For The Standardx franchise, how is the depreciation timeframe for leasehold improvements determined?
The_Standardx Franchise · 2025 FDDAnswer from 2025 FDD Document
| Buildings and improvements | 10–50 years |
|---|---|
| Leasehold improvements | The shorter of the lease term or useful life of asset |
| Furniture and equipment | 3–20 years |
| Computers | 3–7 years |
Source: Item 23 — Receipts (FDD pages 85–132)
What This Means (2025 FDD)
According to The Standardx's 2025 Franchise Disclosure Document, the depreciation timeframe for leasehold improvements is determined by whichever is shorter: the lease term or the useful life of the asset.
For a prospective franchisee, this means that the period over which they can deduct the cost of improvements made to their leased property is limited. If the lease term is shorter than the expected lifespan of the improvements, the depreciation must be spread out over the lease term. Conversely, if the improvements have a shorter useful life than the lease, the depreciation is limited to that shorter period.

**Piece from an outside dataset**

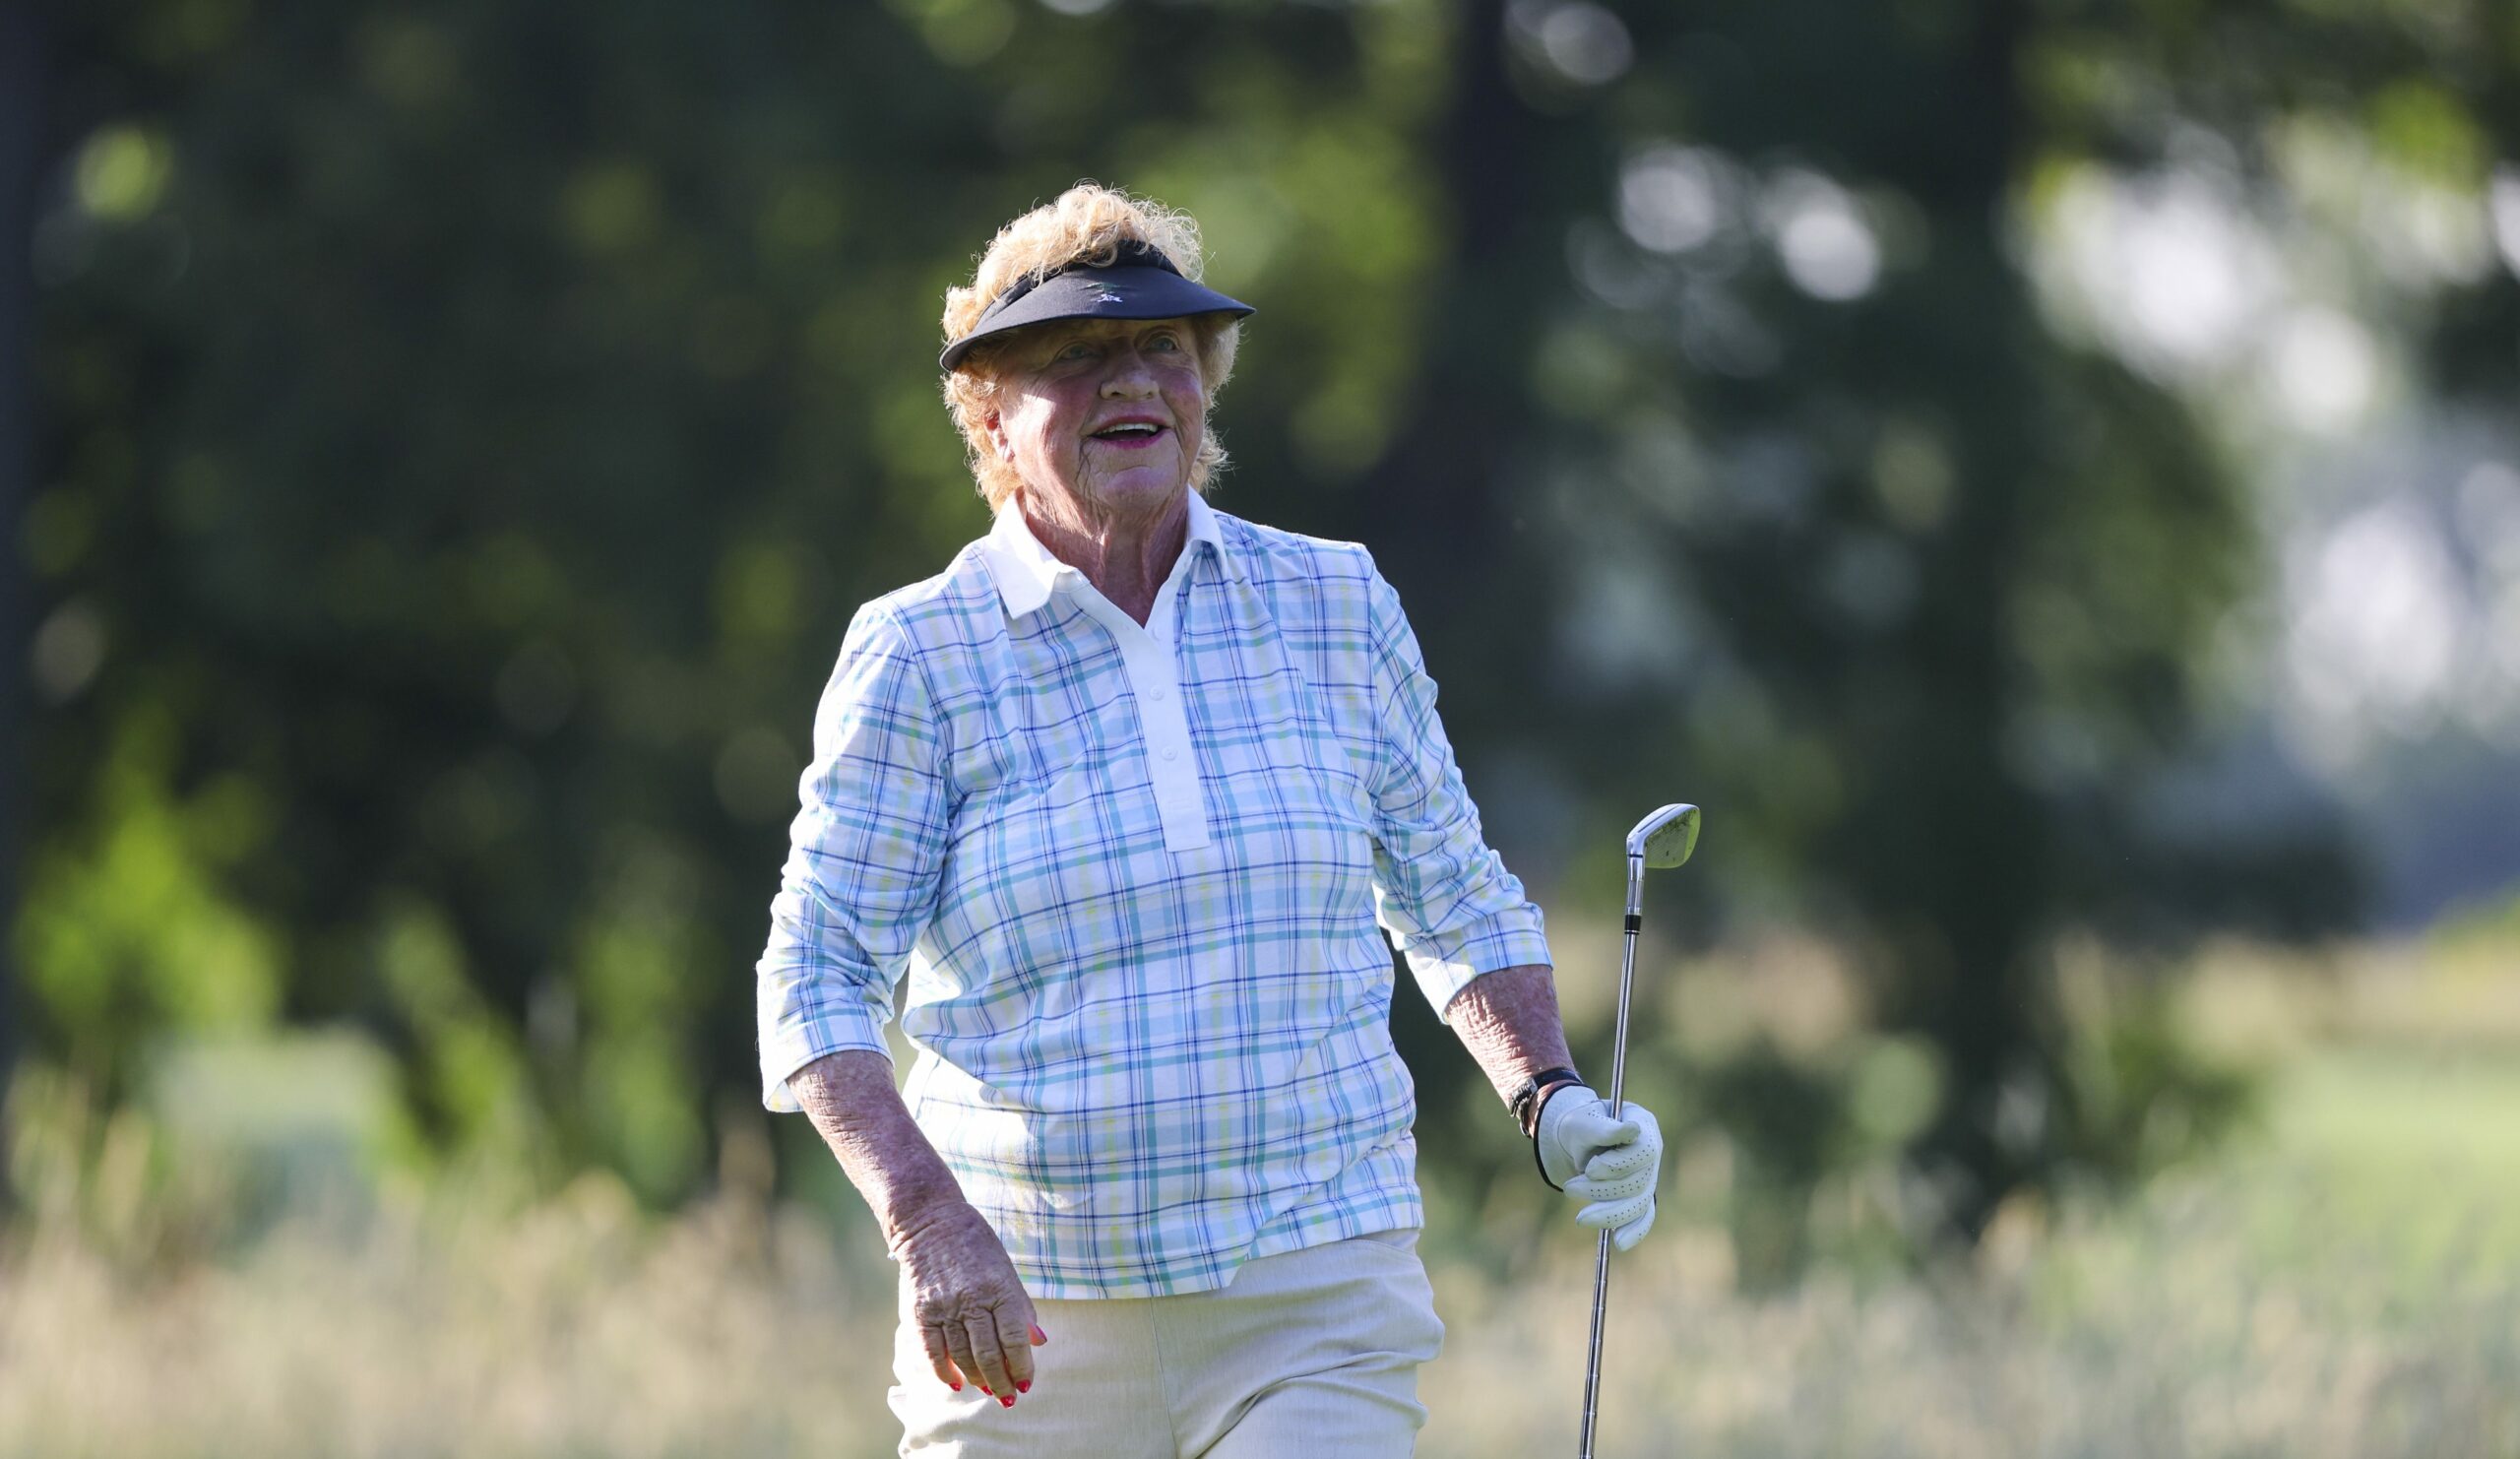 5 things to know about the legendary JoAnne Carner, 83, who says this might be her last U.S. Senior Women’s Open

This policy impacts the franchisee's tax planning and financial forecasting. Franchisees should carefully consider the length of their lease and the expected life of any planned leasehold improvements to understand the potential depreciation timeframe. This can influence decisions about the extent and nature of leasehold improvements, as a shorter depreciation period is generally more favorable for tax purposes.